Процесс



Зал был небольшим, тяжелые лиловые портьеры вдоль стен хорошо поглощали звук, сбитые по четыре желтые деревянные кресла образовывали нестройные ряды. Перед первым рядом возвышалась сцена, какая бывает обычно в школьных актовых залах, выкрашена половой краской в неопределенный цвет. На сцене составлены три или четыре стола, накрыты зеленым сукном. Ближе к краю сцены деревянный ящик почти в человеческий рост, — в ящике не достает двух сторон: верхней и тыльной. Ящик сколочен из красных либо же коричневых листов фанеры, крашеных небрежно. Вместо верхней стороны прибита узкая доска, место для графина и стакана. Занавес поднят, или раздвинут: в углах сцены складки тяжелого бархата. Стены рыжего цвета, создают определенное цветовое сочетание с неровными рядами кресел. Двери в зал открыты: тяжелые высокие двери под мореную древесину открыты из зала.

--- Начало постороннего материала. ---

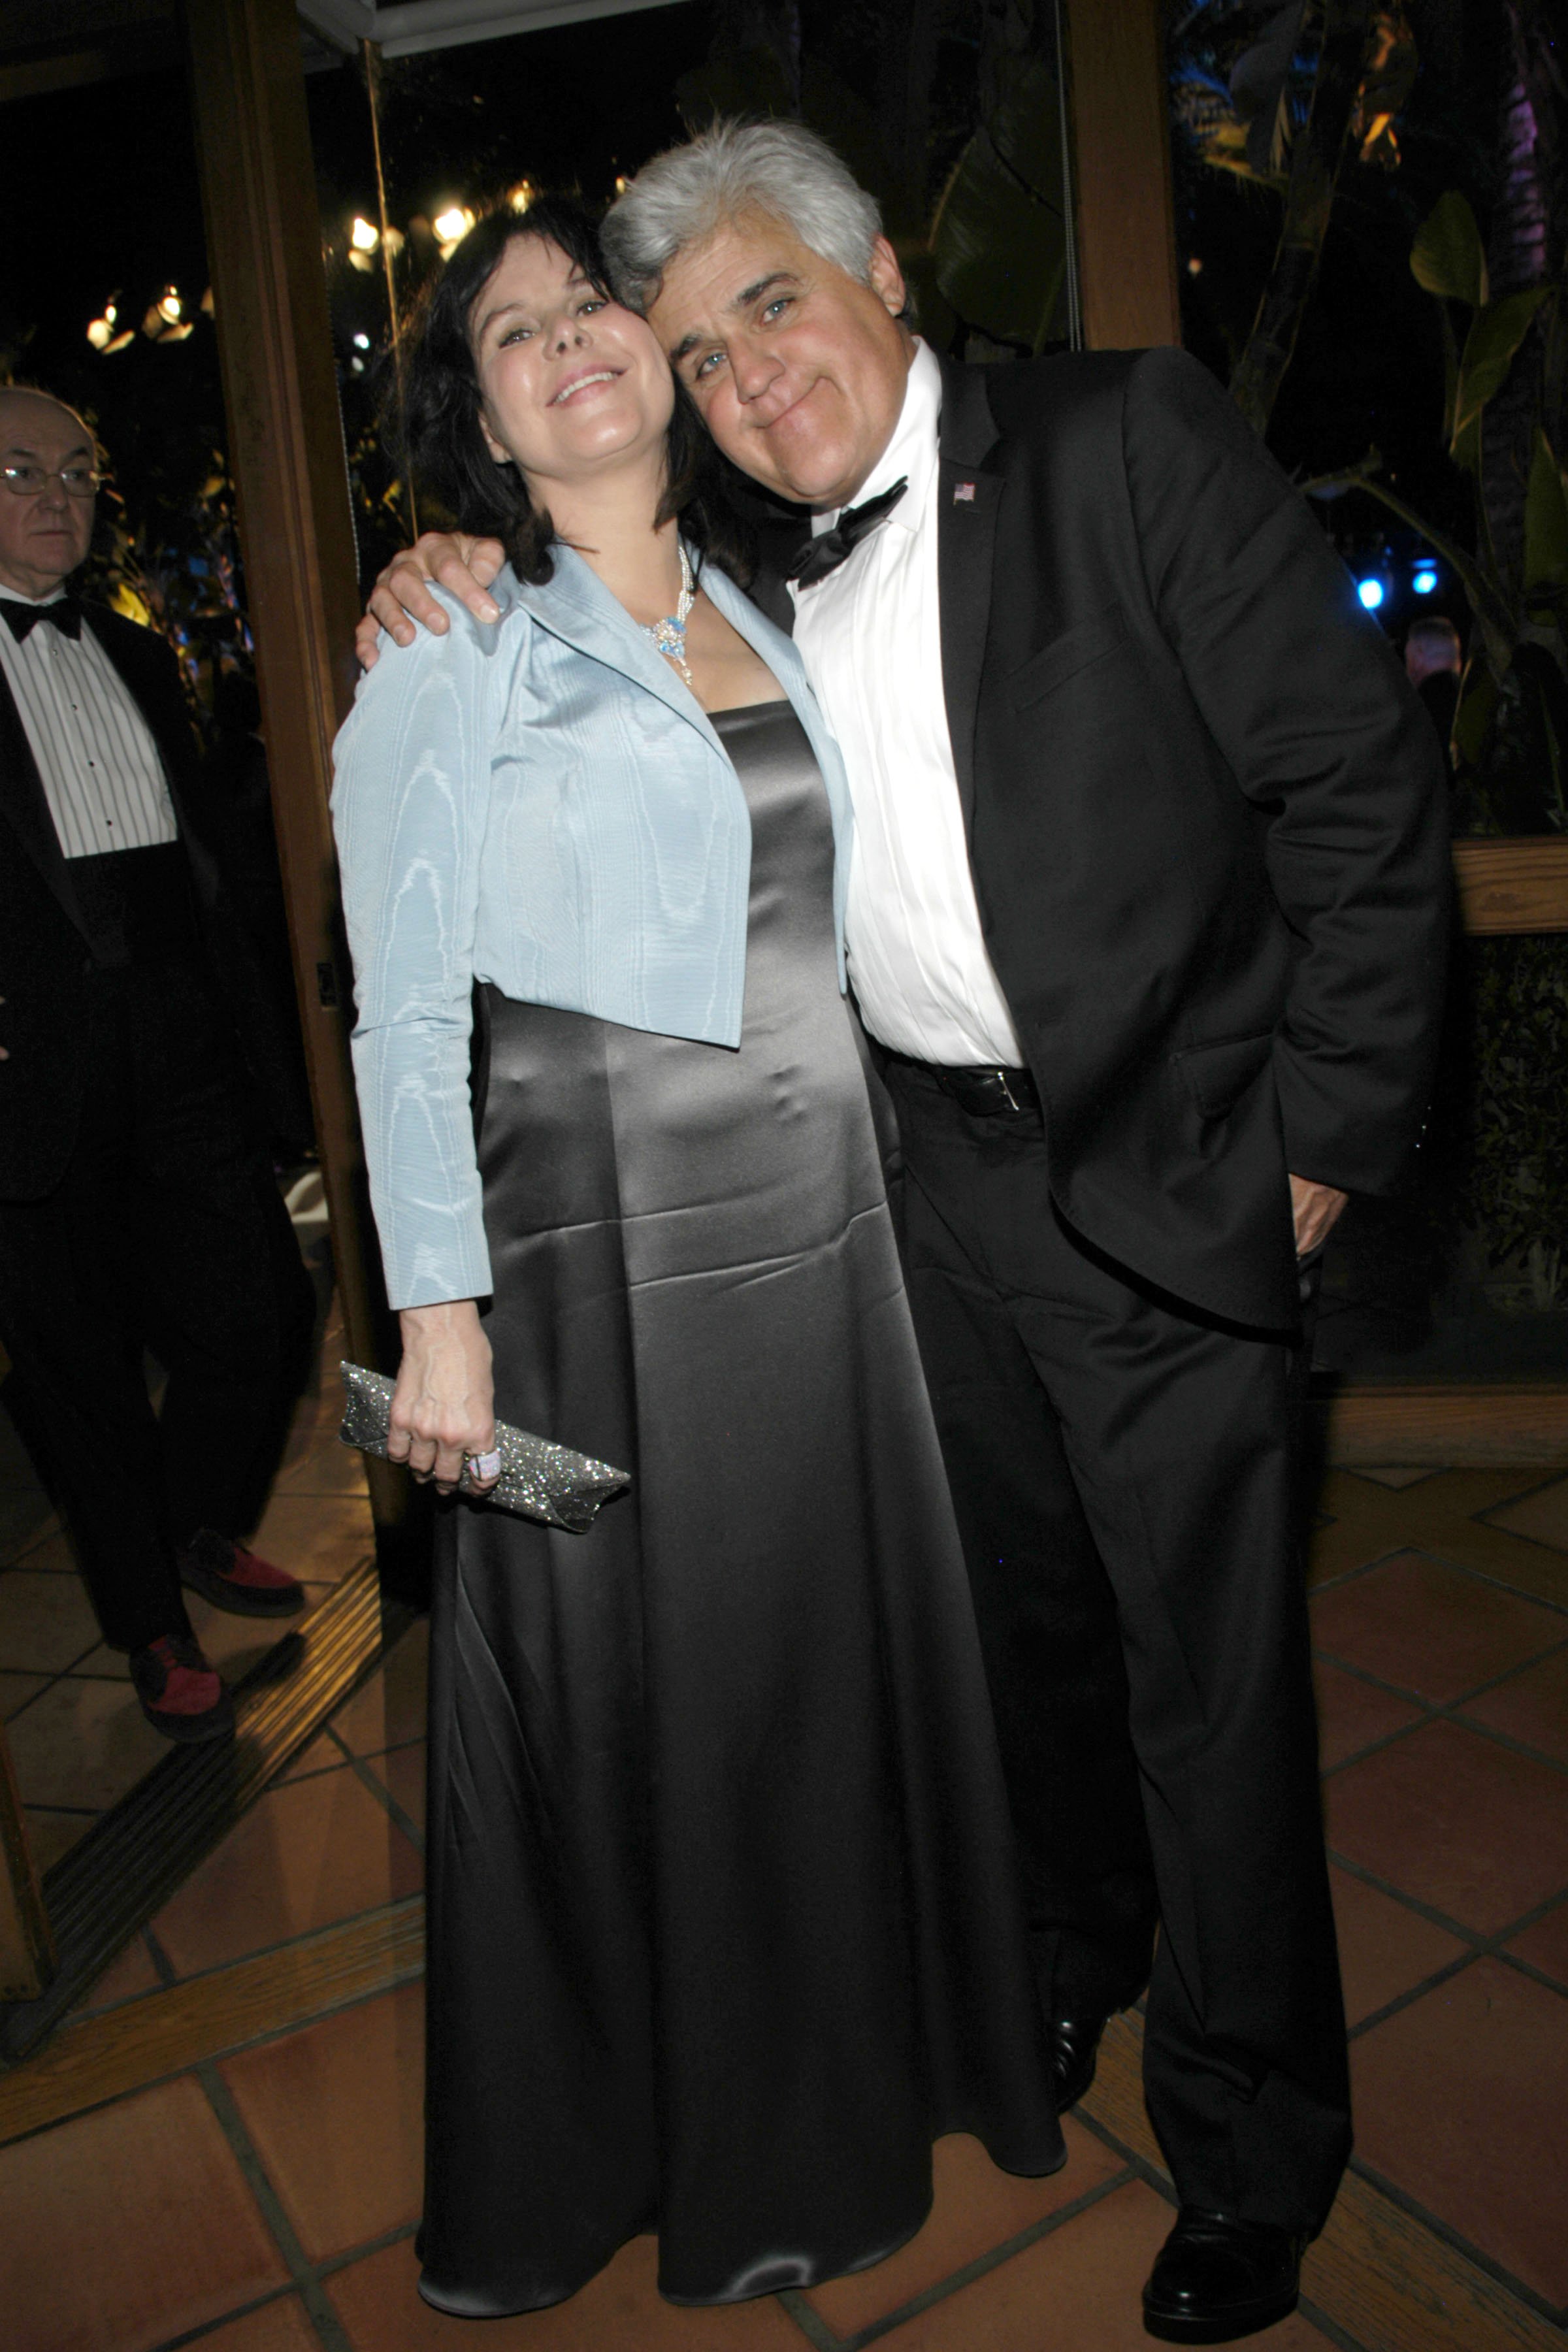 Mavis Leno and Jay Leno attend VANITY FAIR Oscar Party at Morton's on February 25, 2007 in Los Angeles, CA. | Source: Getty Images

В зале есть люди, их не много, но зал продолжает заполняться, от последних рядов к сцене. На сцену выходят разные люди, они поправляют сукно на столах, наливают в графин воды, двигают стулья, оставляют на столе толстые папки в кожаных красных обложках, затем многократно перемещают их по столу, строго соответствии с неясным регламентом движения папок. Эти люди празднично и официально одеты, их движения точны, и они не стараются задержаться на сцене дольше установленного им столь же неясным регламентом времени, и ни один из них не появится на сцене дважды. В зале небольшой сквозняк, от открытых входных дверей к сцене, — вероятно, в помещении за сценой также открыта дверь.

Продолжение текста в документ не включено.